Radio Sputnik's Loud & Clear producer Walter Smolarek noted that, on one hand, the economy of the West has not completely recovered from the recession of 2008-2009, despite significant measures taken by financial regulators. These measures have resulted in only temporary fixes that have failed to return the global economy to where it was prior to the recession.
Those countries, such as BRICS members, that could count as real engines of post-crisis world economic growth have had a "very rough few years," Smolarek says, due, in part, to low commodity prices. A dramatic oil-price drop caused a cascade of other negative economic effects in those countries.
Smolarek notes, however, that when Lagarde speaks about a "weak and fragile" economy, she is speaking about the top of the economic food chain, primarily the largest financial institutions and multinational corporations. But these entities, when faced with challenges, simply divert the negative economic impact down the chain, where the working class suffers the effects. For the working class, however, the IMF offers no solutions and, indeed, hardly addresses the issue as relevant to their message.
Every time an economic crisis occurs, the global economy eventually stabilizes, but at the price of the working class, as workforces and salaries are routinely cut, contracts are revised downward, and other drastic measures, including a loss of social support and healthcare, are taken to keep the big players in the Western economy afloat, Smolarek notes.

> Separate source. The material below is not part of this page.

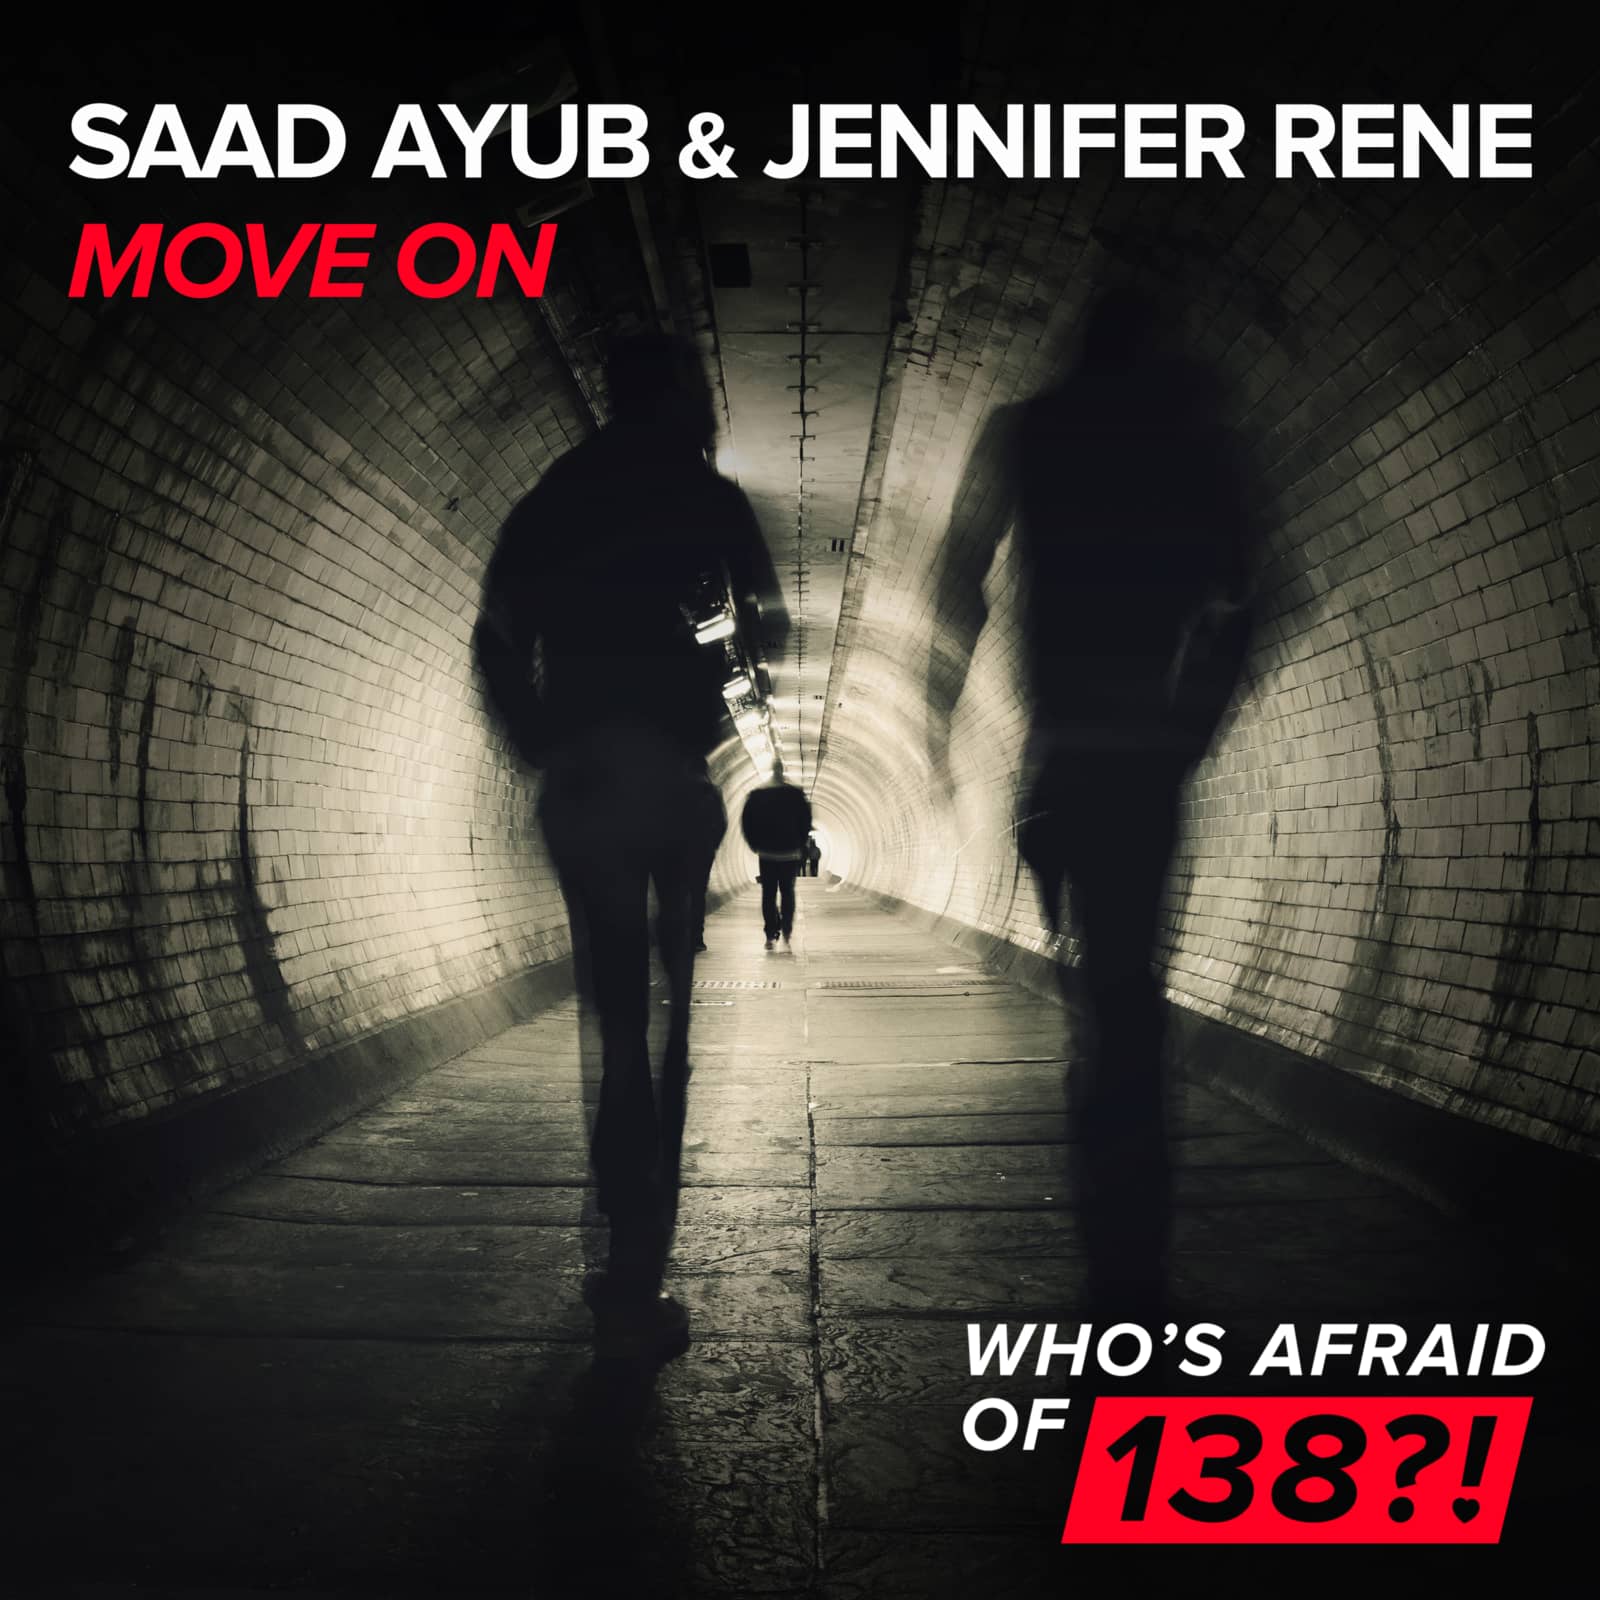 Move on. Saad Ayub. On the move. Who afraid of группа. Move (move on up).

Asked whether there is a solution that realistically benefits workers, Smolarek said that politics is ordinarily the driver for who gets the best bites, and political donations influence legislation. Workers must fight for their share of the GDP, and the workers' union is a very effective tool in that struggle.

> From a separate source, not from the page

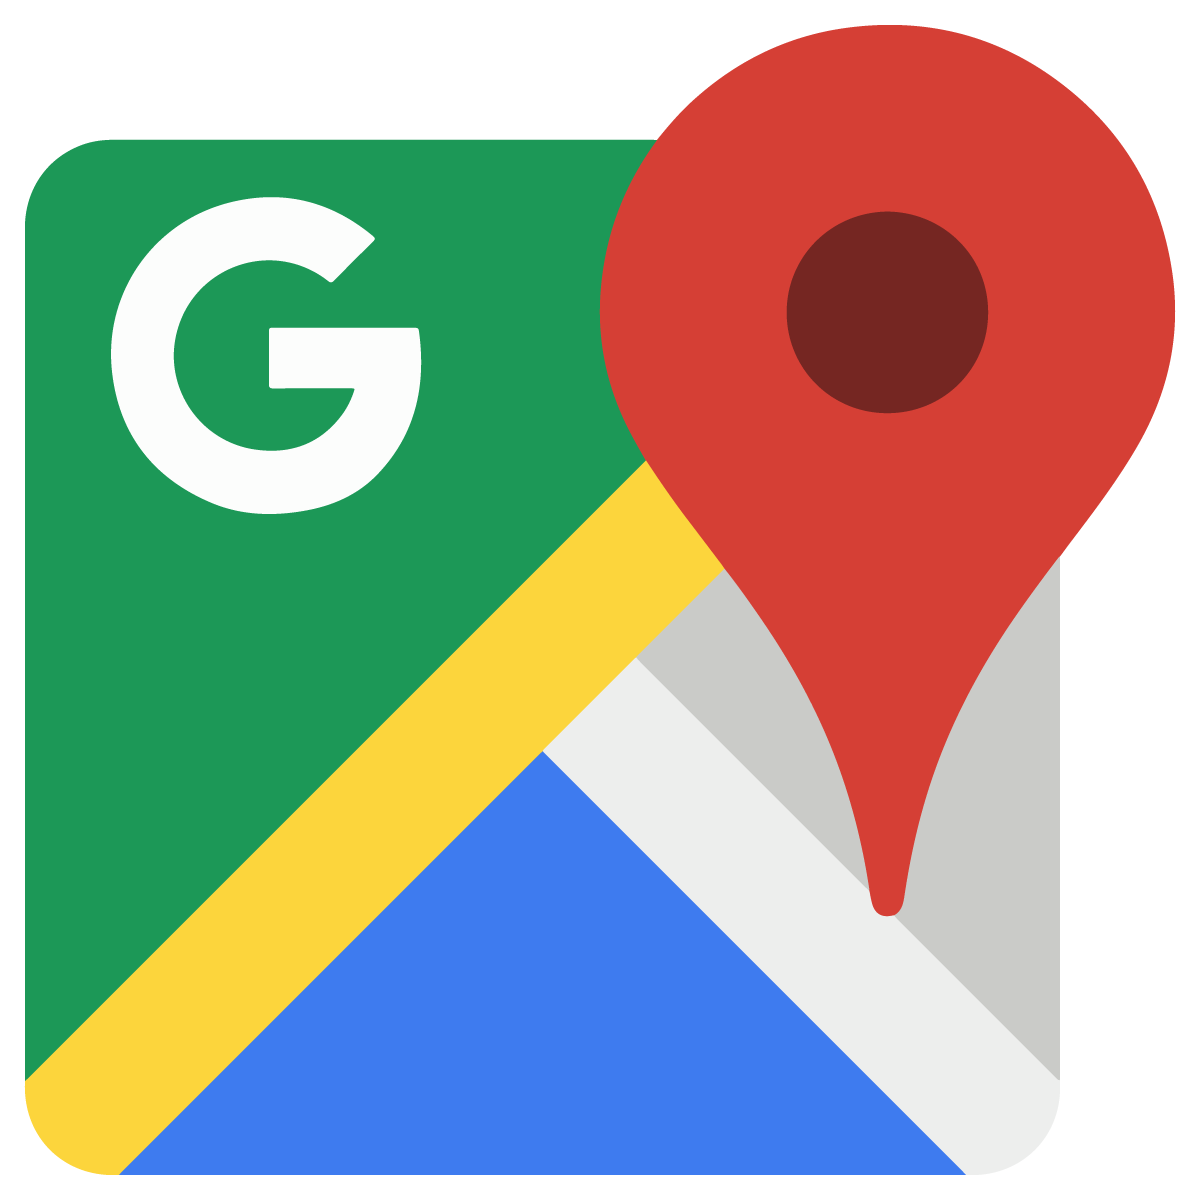 List 91+ Wallpaper Google Maps Signs And Symbols Full HD, 2k, 4k

Without a change in how wealth is defined, aggregated and distributed, he asserts, the one percent at the top are likely to increase their control of resources, and that is happening right now. According to Smolarek, 62 of the world's richest people currently own as much wealth as the poorest half, or some three billion people, in the world.
"There's a vast, vast abundance that is hoarded by a very small clique of people."
The ultra-wealthy, however, are contributing to the ongoing economic decline, sparking a growing wave of resistance toward globalization. The most radical example of this resistance is the UK Brexit, he pointed out. There are other countries sharing similar sentiments, to some degree, finding realization in the form of tariffs, trade taxes and other forms of protectionism, Smolarek notes. Protectionism, a driver for sovereign economic health, was sharply criticized by Lagarde during her opening speech in Washington, indicating on which side of the economic aisle lie the sympathies of the IMF.
Smolarek believes that people from the right are "turning the reality on its head," as worldwide deregulated-trade agreements, like TTIP or TPP, are about, in part, preventing immigrants from taking over the West. According to Smolarek, these agreements will, if ratified, instead allow Western multinationals and financial institutions to enter other markets without regulation, resulting in exploited labor markets and the stripping of national resources to an extreme degree.
According to Smolarek, the working class of the United States must refuse the idea of being separate from the working class of the rest of the world, and, as is natural for an American, claim their rights as citizens.